Ce qui fut dit fut fait. Marie était ainsi, un gros grain de folie dans un petit coeur simple. Ils débarquèrent, en fin de matinée chez le grand homme. C'est lui qui leur ouvrit, blouse bise ample, saroual bleu et sandales de moine. Chaleur et effusions, l'homme portait beau, un peu cabotin, la même coquetterie dans l'oeil que Marie - c'est l'inverse bien sûr - et surtout, une voix chaude, charmeuse et envoutante. Sous la verrière de son atelier, blanche du soleil au zénith, il leur fit faire le tour de ses toiles récentes. Benoît estima le moment venu d'avouer son inculture crasse. La main du grand artiste se posa sur son épaule, protectrice « Avec Marie vous faites la paire mon garçon. Chirurgienne ! Un métier de mains habiles fait par des imbéciles prétentieux. Qui puis-je ? C'est de famille. Rien que des clones en blouses blanches ! Pour eux je suis le raté. Un millionnaire par la grâce des galeristes américains, l'horreur pour ces Vichyssois refoulés ! Ha, le Maréchal il allait les protéger tous ces bons juifs, bien français... Des pleutres, de la volaille rallié sur le tard au grand coq à képi. Et ils sont allés le rechercher pour défendre l'Algérie française. Bernés ! Mais on leur sert de l'indépendance nationale alors ils baissent leur froc. Ils se croyaient bien au chaud et vous déboulez, tels des enragés. Panique dans le Triangle d'or, tous des futurs émigrés... » Le tout ponctué d'un grand rire tonitruant et de rasades de Bourbon. L'homme pouvait se permettre de railler le héros du 18 juin, résistant de la première heure, à dix-huit ans, un héros ordinaire, compagnon de route des communistes un temps malgré le pacte germano-soviétique et les vilénies de Staline en Espagne, il rompra avec eux bien avant Budapest. Marie avait tout raconté sur le chemin de Paris.
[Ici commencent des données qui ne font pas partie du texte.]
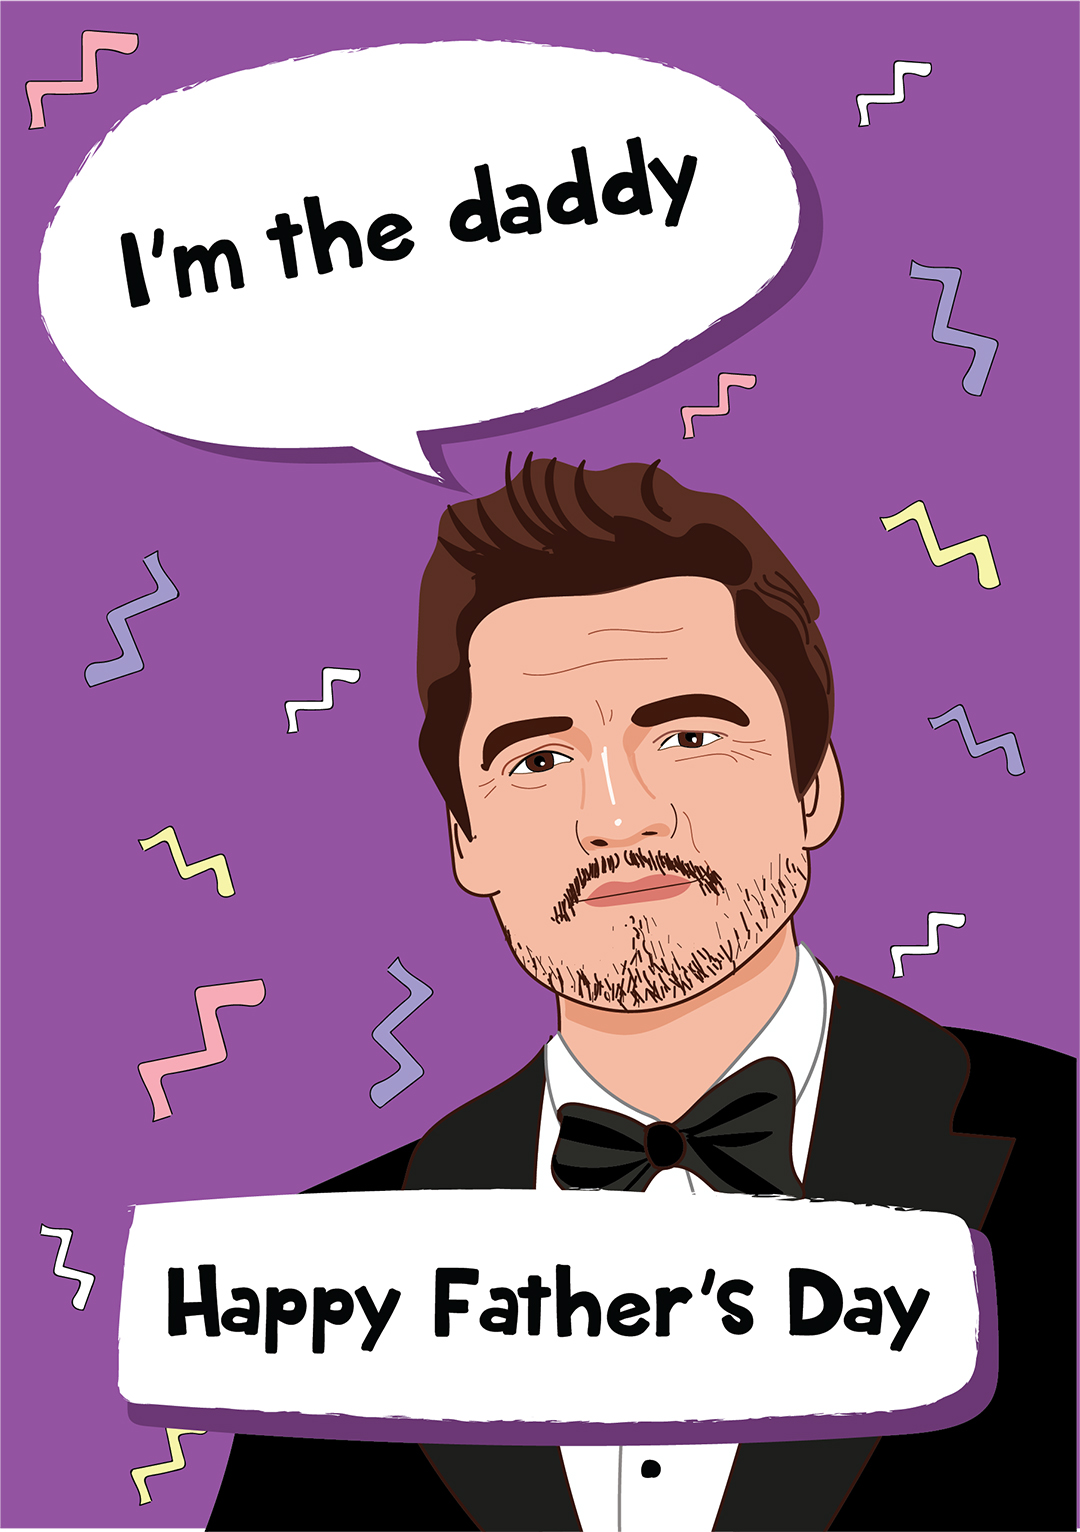 I'm The Daddy - Pedro Pascal Inspired Father's Day Card

Pendant que Benoît pataugeait avec Marie dans le bonheur, le 25 mai, rue de Grenelle Pompidou voulait reprendre la main, être de nouveau le maître du jeu. Il jouait son va-tout. L'important pour lui était de lâcher du lest sur les salaires pour neutraliser la CGT de Séguy. Le falot Huvelin, patron d'un CNPF aux ordres suivra en geignant. Les progressistes de la CFDT, bardés de dossiers, assistèrent à un marchandage de foirail. Comme un maquignon sur le marché de St Flour, baissant les paupières sous ses broussailleux sourcils, tirant sur sa cigarette, roublard, tendu vers l'immédiat, le Premier Ministre ferrailla, main sur le coeur en appela à la raison, pour lâcher en quelques heures sur tout ce qui avait été vainement demandé depuis des mois, le SMIG et l'ensemble des salaires. Le lundi, chez Renault, à Billancourt, Frachon et Séguy, se feront huer. Chez Citroën, Berliet, à Rodhiaceta, à Sud-Aviation et dans d'autres entreprises, même hostilité, même insatisfaction. Le « cinéma » des responsables de l'appareil cégétistes à Billancourt n'a pas d'autre but que de blanchir les négociateurs, de mettre en scène le désaveu de la base.
La semaine qui s'ouvrait était décisive. Pompidou sur la pente savonneuse, la célèbre « voix » gaullienne jusque-là infaillible semblait douter après le bide de sa proposition de référendum, Mendès le chouchou de l'intelligentsia, qui le considère comme l'homme providentiel, consulte, mais comme d'habitude attend qu'on vienne le chercher. Le 28 mai sous les ors de l'hôtel Continental Mitterrand, avec sa FGDS, se pose en recours. Tous les camps s'intoxiquent. Le vrai s'entremêle au faux. On parle de mouvement de troupes au large de Paris. La frange barbouzarde des gaullistes mobilise. On affirme que les membres du SAC ont déballé dans leur repaire de la rue de Solférino des armes toutes neuves. Le Ministère de l'Intérieur révèle la découverte de dépôts d'armes dans la région lyonnaise, à Nantes, dans la région parisienne, ce qui ajoute du piment à une situation déjà quasi-insurrectionnelle. Ce qui est vrai, c'est que depuis plusieurs jours certains membres de la majorité ne couchent plus chez eux. Avec Marie ils décident de se joindre au cortège qui se rend à Charléty.